🤖 AI Summary
While multimodal large language models (MLLMs) excel at high-level visual reasoning, they exhibit significant deficiencies in fine-grained visual perception—particularly in Ishihara-style dot-pattern tasks requiring precise chromatic discrimination. Method: We introduce HueManity, a novel benchmark comprising 83,850 images, which—based on the Ishihara test paradigm—systematically quantifies MLLMs’ performance gaps in high-fidelity color vision assessment. We open-source both the dataset and evaluation code. Contribution/Results: Evaluating nine state-of-the-art MLLMs alongside ResNet50 and human subjects, we find the best-performing MLLM achieves only 33.6% accuracy on “easy” digit recognition and 3.0% on “hard” letter recognition—dramatically below human performance (100.0%/95.6%) and ResNet50 (96.5%/94.5%). These results expose a fundamental perceptual bottleneck in current MLLMs, establishing HueManity as a rigorous new benchmark and diagnostic tool for advancing robust multimodal perception research.
📝 Abstract
Multimodal Large Language Models (MLLMs) excel at high-level visual reasoning, but their performance on nuanced perceptual tasks remains surprisingly limited. We present HueManity, a benchmark designed to assess visual perception in MLLMs.
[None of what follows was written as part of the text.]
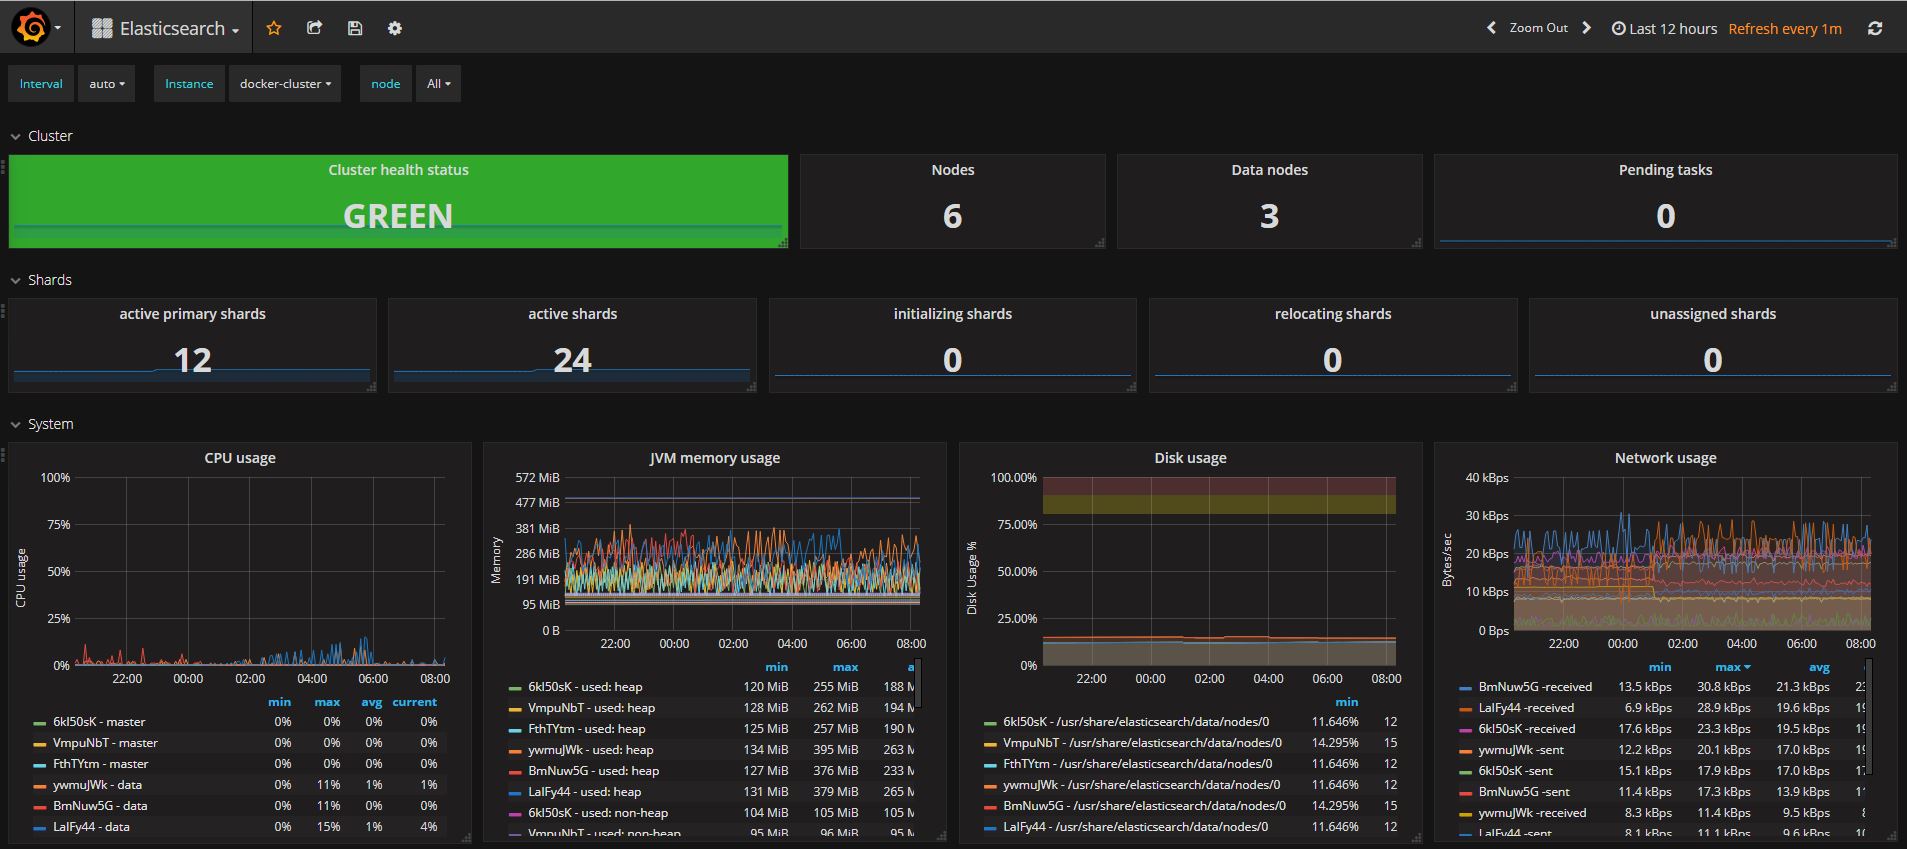 Dashboard showing various graphs and metrics including shard use, CPU usage, and network usage

The dataset comprises 83,850 images featuring two-character alphanumeric strings embedded in Ishihara test style dot patterns, challenging models on precise pattern recognition. Our evaluation of nine state-of-the-art MLLMs on HueManity demonstrates a significant performance deficit compared to human and traditional computer vision baselines. The best-performing MLLM achieved a 33.6% accuracy on the numeric `easy' task and a striking 3% on the alphanumeric `hard' task. In contrast, human participants achieved near-perfect scores (100% and 95.6%), and a fine-tuned ResNet50 model reached accuracies of 96.5% and 94.5%. These results highlight a critical gap in the visual capabilities of current MLLMs. Our analysis further explores potential architectural and training-paradigm factors contributing to this perceptual gap in MLLMs. We open-source HueManity dataset and code to foster further research in improving perceptual robustness of MLLMs.